Records supplied Start Marker
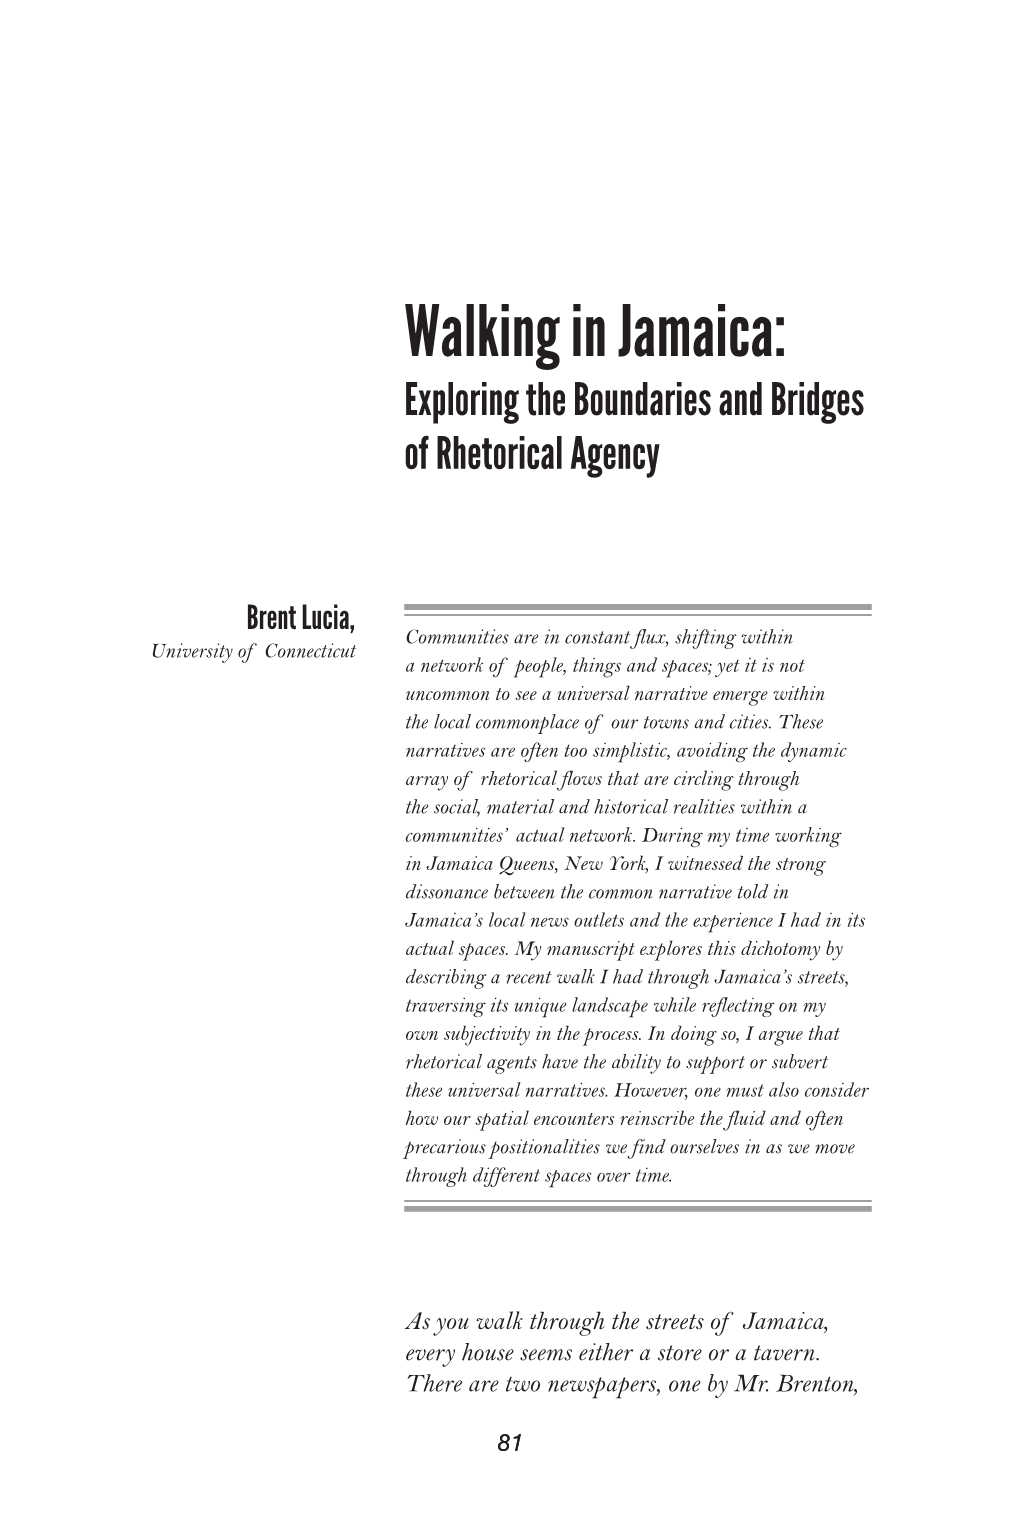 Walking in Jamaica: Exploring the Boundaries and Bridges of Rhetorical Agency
Records supplied End Marker
Records supplied Start Marker
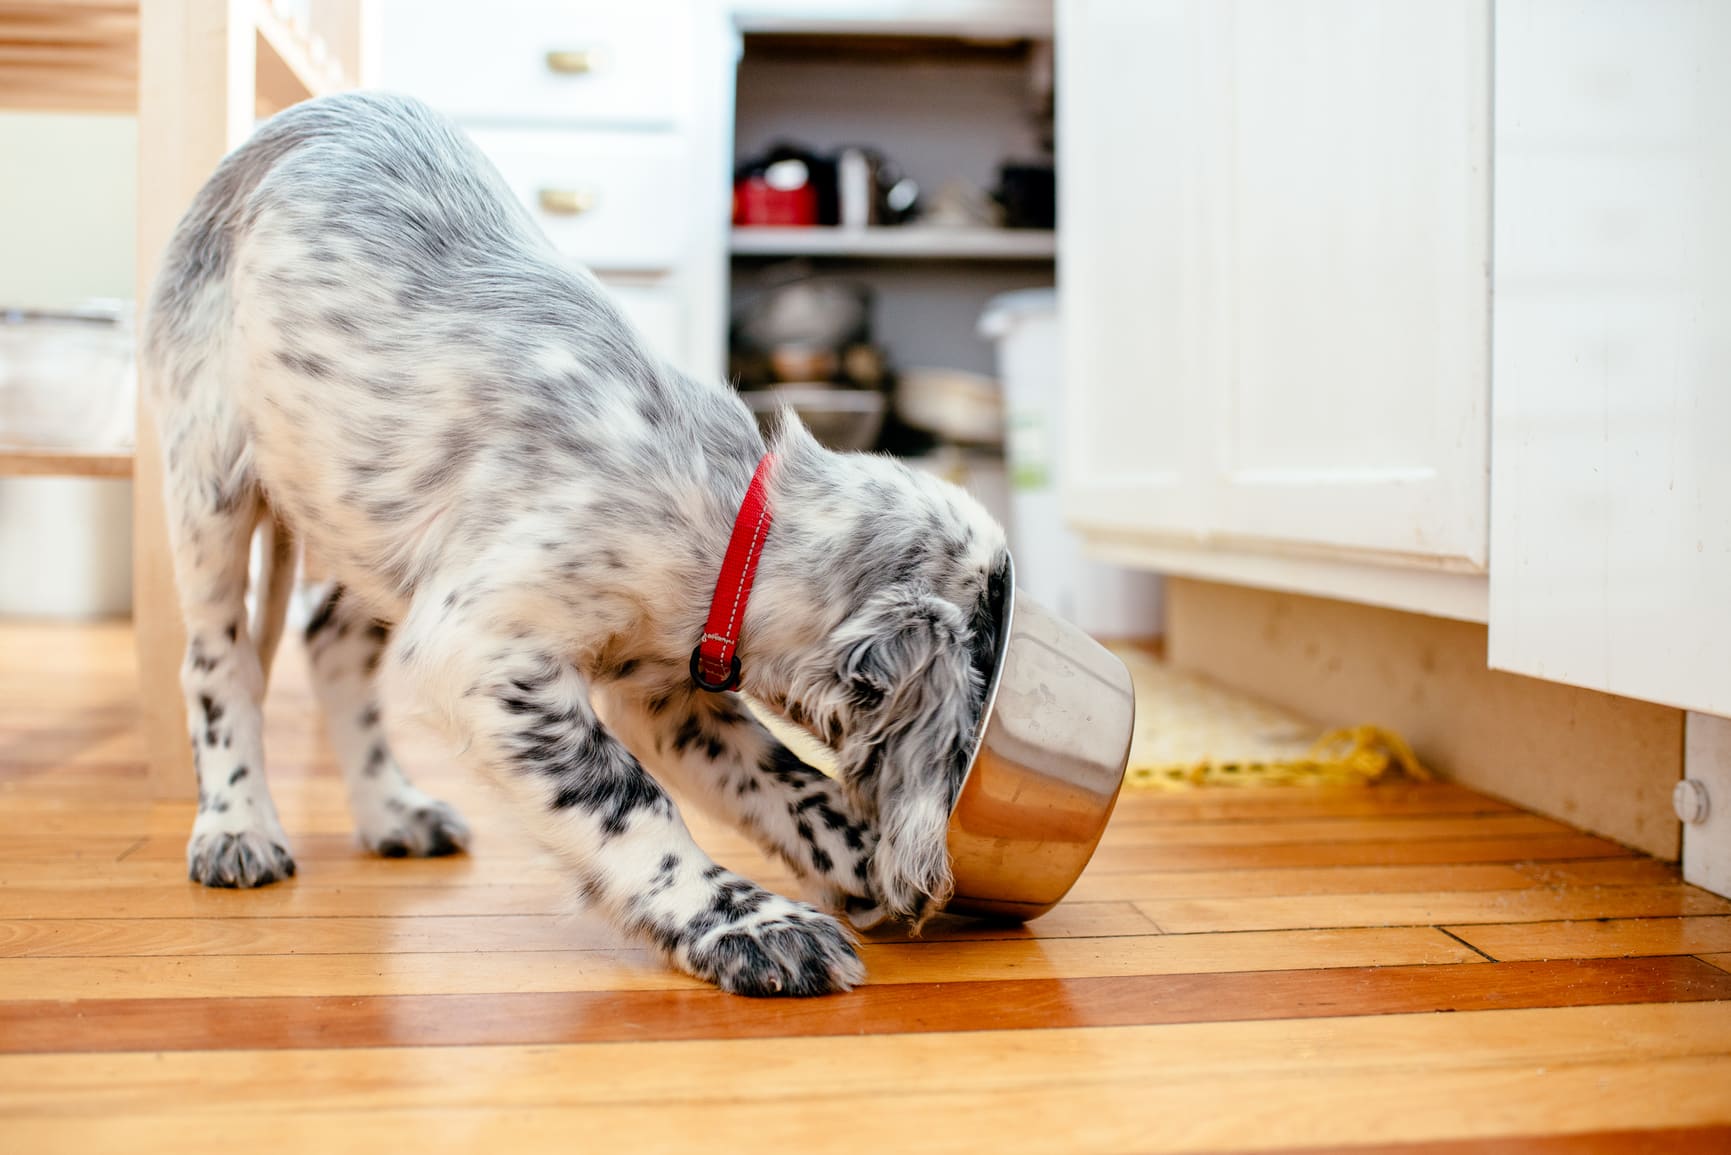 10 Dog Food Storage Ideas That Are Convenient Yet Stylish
Records supplied End Marker
Records supplied Start Marker
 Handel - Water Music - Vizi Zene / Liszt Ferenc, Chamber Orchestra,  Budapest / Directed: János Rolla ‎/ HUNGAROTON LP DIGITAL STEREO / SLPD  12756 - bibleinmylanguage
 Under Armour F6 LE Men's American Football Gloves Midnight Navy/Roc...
Records supplied End Marker
Aim of the task - Go to the line with "Handel - Water" in the entries above and repeat every line from there through the line with "Under Armour F6", exactly and with no other text.

Output for this task -
 Handel - Water Music - Vizi Zene / Liszt Ferenc, Chamber Orchestra,  Budapest / Directed: János Rolla ‎/ HUNGAROTON LP DIGITAL STEREO / SLPD  12756 - bibleinmylanguage
 Under Armour F6 LE Men's American Football Gloves Midnight Navy/Roc...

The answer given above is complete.